Она только хихикнула:
– Я так себя и чувствую.
Двести шестьдесят фунтов были для меня огромной суммой. Я даже не знал, что накидка может столько стоить. Я жил на четырнадцать фунтов в месяц, и жил вовсе неплохо; а на случай, если читатель не силен в арифметике, добавлю, что это означает сто шестьдесят восемь фунтов в год. Я не верил, чтобы кто-нибудь мог сделать такой дорогой подарок просто из дружбы; что это могло означать, кроме того, что Джек Кейпер спал с Рози каждую ночь, все время, пока был в Лондоне, а перед отъездом расплатился с ней? Как могла она на это согласиться? Неужели она не понимает, как это для нее унизительно? Неужели не видит, как вульгарно с его стороны подарить ей такую дорогую вещь? Очевидно, она этого не видела, потому что сказала мне:
– Очень мило с его стороны, правда? Но евреи все щедрые.
– Вероятно, он мог себе это позволить, – сказал я.
– О да, у него куча денег. Он сказал, что хочет мне перед отъездом что-нибудь подарить, и спросил, чего бы мне хотелось. Ладно, говорю, неплохо было бы иметь накидку и к ней муфту. Но я никак не думала, что он купит такую. Когда мы пришли в магазин, я попросила показать что-нибудь из каракуля, но он сказал: «Нет, соболя, и самого лучшего». И когда увидел эту, просто заставил меня ее взять.
Я представил себе ее белое тело с такой молочной кожей в объятьях этого старого, толстого, грубого человека и его толстые, оттопыренные губы на ее губах. И тут я понял, что все подозрения, которым я отказывался верить, были правдой. Я понял, что, когда она обедала с Квентином Фордом, и с Гарри Ретфордом, и с Лайонелом Хильером, она спала с ними, точно так же, как спала и со мной. Я не мог произнести ни слова: я знал, что стоит мне раскрыть рот, как я скажу что-нибудь оскорбительное. По-моему, я был не столько охвачен ревностью, сколько подавлен. Я понял, что она провела меня, как последнего дурака. Я напрягал все силы, чтобы сдержать горькие насмешки, готовые слететь с губ.

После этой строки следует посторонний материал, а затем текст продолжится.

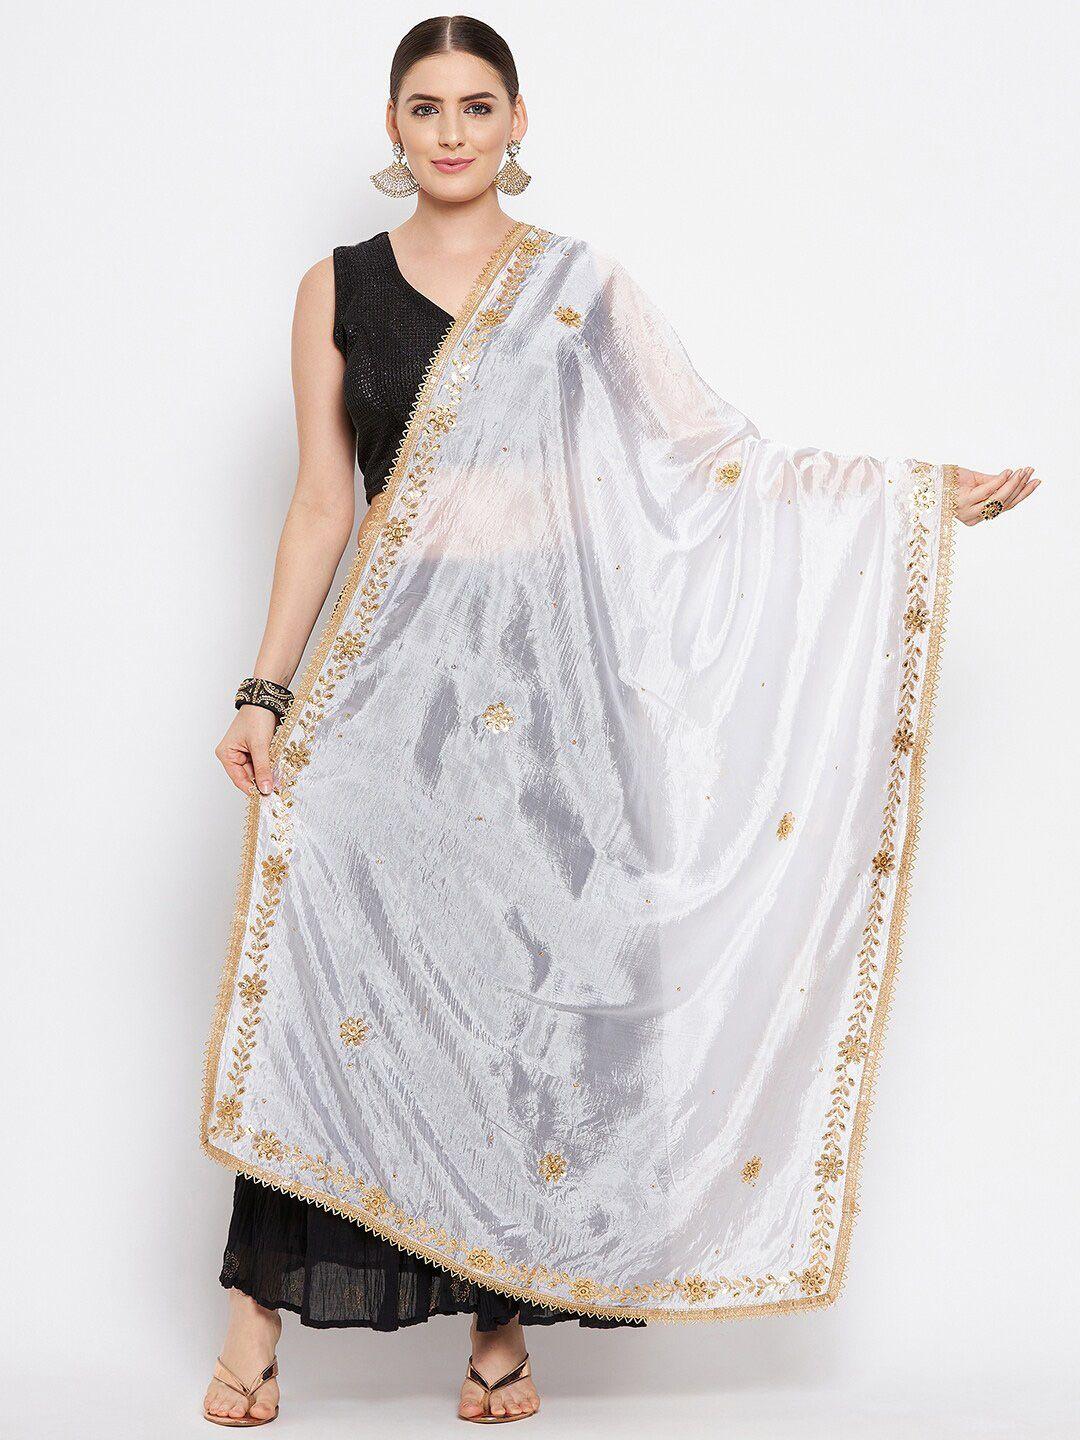 Clora Creation White & Gold-Toned Embroidered Dupatta with Beads and Stones

Мы пошли в театр. Я не слушал актеров. Я только чувствовал на своей руке прикосновение гладкого соболиного меха и видел, как ее пальцы непрерывно поглаживают муфту. С мыслью об остальных я мог примириться, но Джек Кейпер меня потряс. Как она могла? Ужасно быть бедным. Были бы у меня деньги, я бы сказал ей – отошли обратно этому типу его гнусные меха, я куплю другие, гораздо лучше! Наконец она заметила мое молчание.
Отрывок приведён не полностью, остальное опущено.